Joanne Jordan (September 5, 1920 – July 29, 2009) was an American actress and television spokesmodel who appeared in at least 12 films and 200 TV shows.

==Early years==
Jordan's father was a salesman, and she thought that she "inherited that quality". At one point, for less than three months, she and her sister operated a restaurant, The Ranch House. She tried working as a model but had little success because her figure did not match what fashion photographers wanted.

== Career ==
Jordan's debut in commercials occurred on KTLA-TV when she promoted canned tuna during the broadcast of an old film. She appeared in her first network commercial when she had a small role on The George Burns and Gracie Allen Show and was asked to also do a commercial in the program. She was especially nervous during her first 1 1/2 years in that job, when she tried to memorize all of her lines. Then she began reading from cue cards or Teleprompters. She performed in commercials for "products ranging from cosmetics to cigarettes and canned tuna fish". She acknowledged some competition from better-known actresses, but she said that they were at a disadvantage; having played roles so much, they found it difficult to come across as themselves. Her gross income from commercials was approximately $200,000 per year. She continued making them after she became co-host of a Hollywood-based interview program.

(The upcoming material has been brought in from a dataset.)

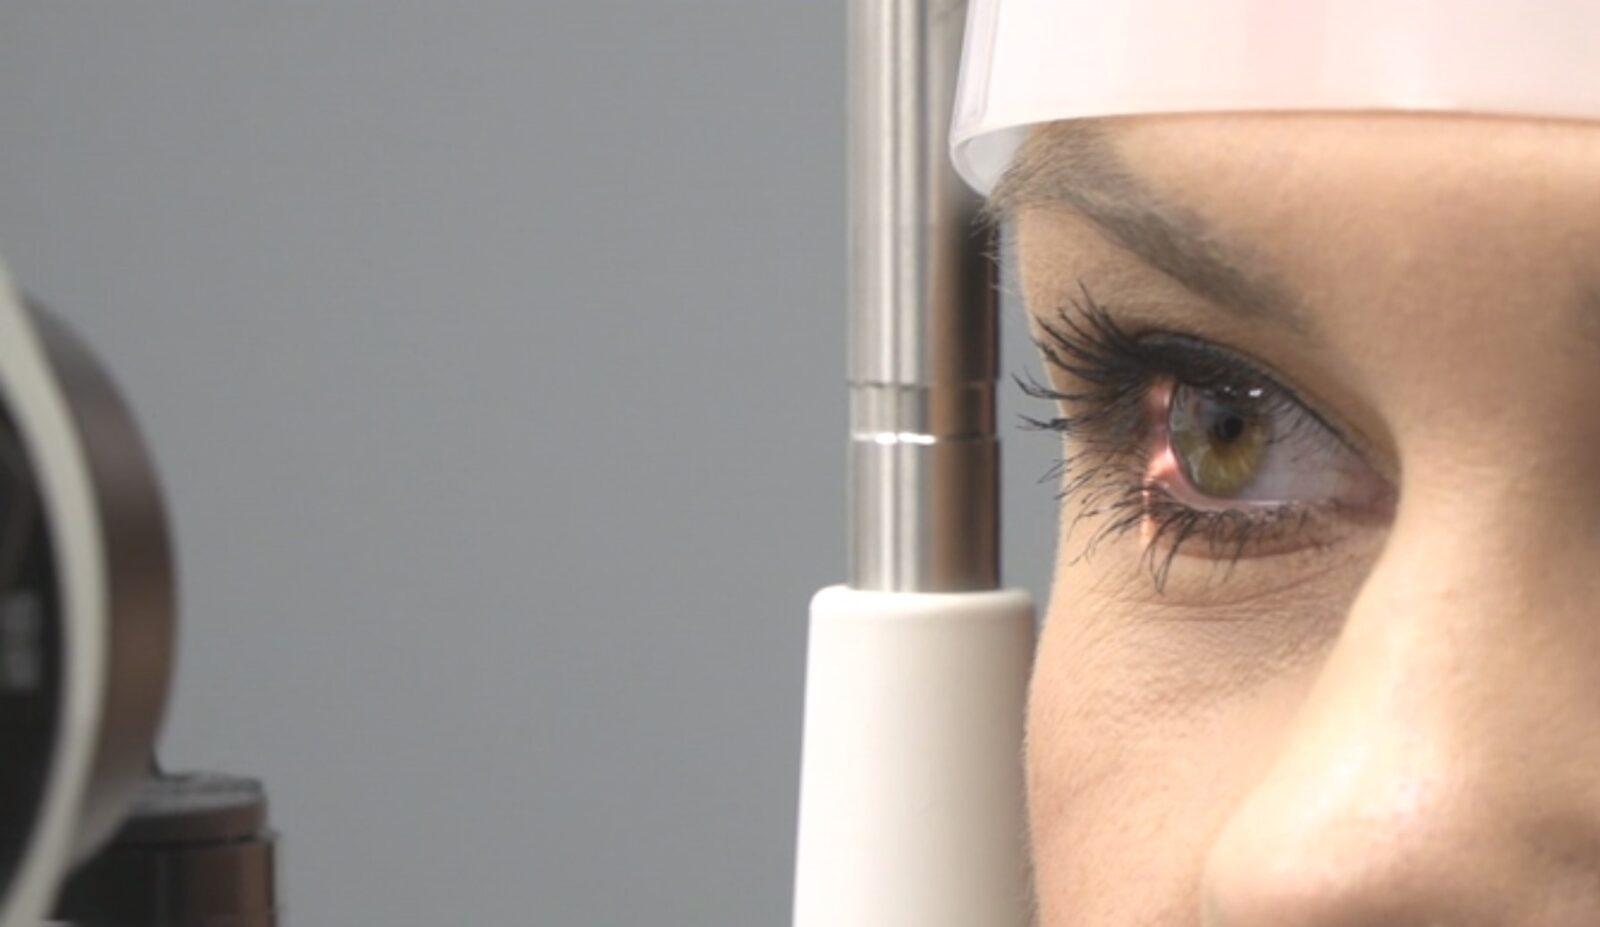 Naukowcy częściowo przywrócili wzrok niewidomemu mężczyźnie. Optogenetyka to rewolucja w leczeniu genetycznej utraty widzenia

Jordan was co-host of Here's Hollywood, an NBC afternoon program that featured interviews and presented celebrities in various settings around Hollywood.

Her film credits include Loophole and Son of Sinbad. She also portrayed Queen Mirtha on the television series Space Patrol. Other TV shows on which she acted included City Detective, Four Star Playhouse, and Racket Squad.

Besides film, she acted on stage, at one time performing in a Noël Coward play at the Harold Lloyd co-founded Beverly Hills Little Theatre for Professionals.

== Personal life ==
Jordan was married twice and had three children.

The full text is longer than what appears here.